Cdl: Cassarmonica stabiese nel degrado
15 Settembre 2008
Storici ed esperti di arte sul piede di guerra per le condizioni in cui versa la Cassarmonica della città delle acque. Il professore Buonocore: «Vedere il degrado in cui
versa la zona e la struttura è proprio come vedere la Gioconda con i baffi». Sicignano (Circoli della Libertà): «L’amministrazione nomini una commissione
di esperti contro il degrado»
Castellammare di Stabia – Storici ed esperti di arte sul piede di guerra per le condizioni in cui versa la Cassarmonica della città delle acque. A lanciare l’allarme
è il professore Stefano Buonocore, riconosciuto studioso d’arte e docente all’Istituto Statale “Francesco Grandi” di Sorrento.
“La Cassarmonica stabiese, meglio detta “Padiglione musicale” – esordisce il professore – è stata progettata all’inizio del novecento
dall’architetto Eugenio Cosenza e costituisce un eccezionale esempio di arte Nouveu, o Liberty. Pertanto, ancorché tale struttura non ha mai avuto una vita facile, tanto
che già nel 1909 crollò a seguito di una forte libecciata, attualmente versa in condizioni precarie che ne mortificano la storia”.

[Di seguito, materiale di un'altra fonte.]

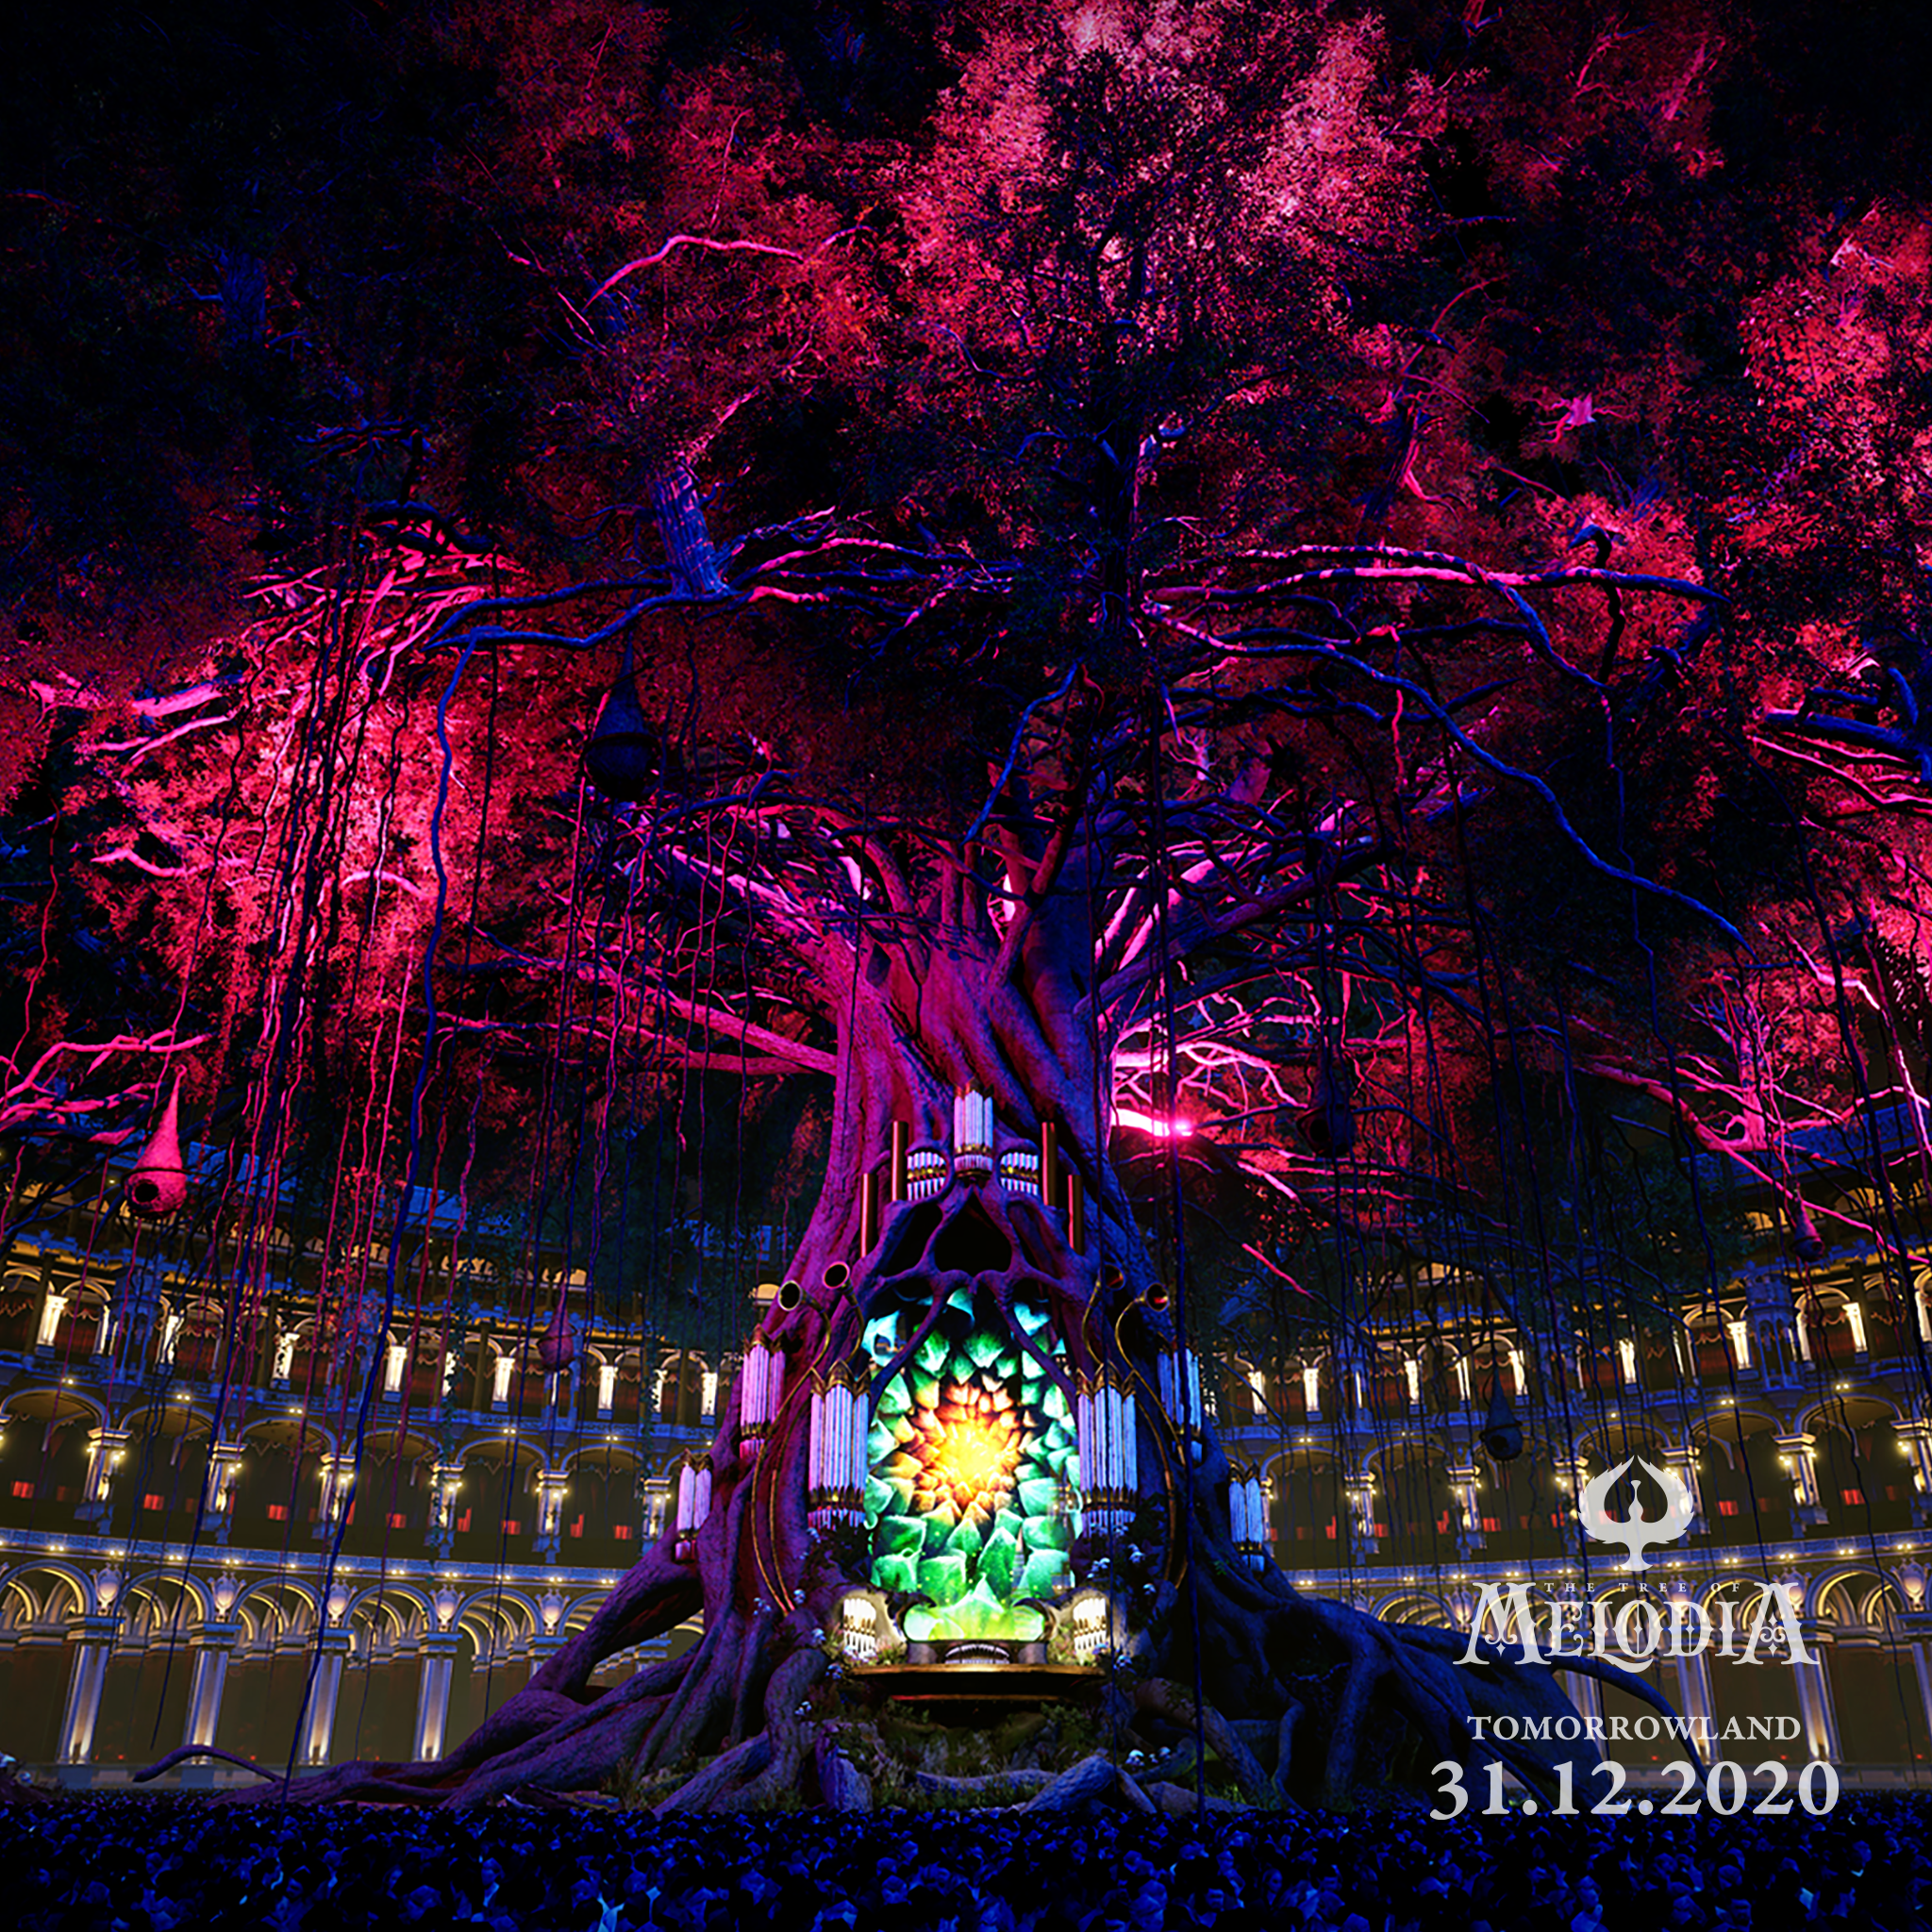 Escenario Melodia Tomorrowland 31.1.2020

“E’ inaccettabile – spiega l’esperto di arte – mirare inermi al fatto che vi sia chi imbratta la struttura con pennarelli e bombolette spray, ragazzini che
giocano al pallone nei pressi delle scale, giovanissimi che si abbandonano in risse nelle proprie vicinanze. Per non parlare poi – continua – di un lampione con tre lumini
sferici, adiacente la struttura artistica, che è rotto ed inclinato come la Torre di Pisa”.
“La Cassarmonica stabiese – spiega il docente di arte – deve essere preservata, perché rappresenta un’opera unica nel panorama artistico italiano, atteso che,
con essa, il maestro Cosenza, in perfetto stile art nouveau, cercando di rompere con i canoni greci e romani, realizzò una perfetta opera in stile nuovo ispirata al grande
maestro francese Hector Guimard”.
“Come è combinata ora – spiega l’esperto – mi sembra solo una perfetta espressione della corrente artistica dell’arte dissacratoria di Marcel Duchamp,
l’artista che disegnò i baffi alla Gioconda di Leonardo. Ebbene, vedere il degrado in cui versa la zona e la struttura – conclude il professore – è proprio
come vedere la Gioconda con i baffi”.
Preoccupato dalla vicenda Antonio Sicignano, vicepresidente regionale dei Circoli della Libertà della Campania e presidente del circolo stabiese, che chiede
all’amministrazione comunale di nominare sul punto una commissione di esperti di arte.
“Il Comune di Castellammare – spiega Sicignano – ha il dovere di agire velocemente per migliorare le condizioni in cui versa la Cassarmonica. Noi, attesa la drammaticità
della questione ed i vari campanelli di allarme provenienti dagli studiosi, proponiamo di nominare una commissione bipartisan di esperti, con il compito di approfondire e studiare il
rilancio culturale e storico della struttura artistica”.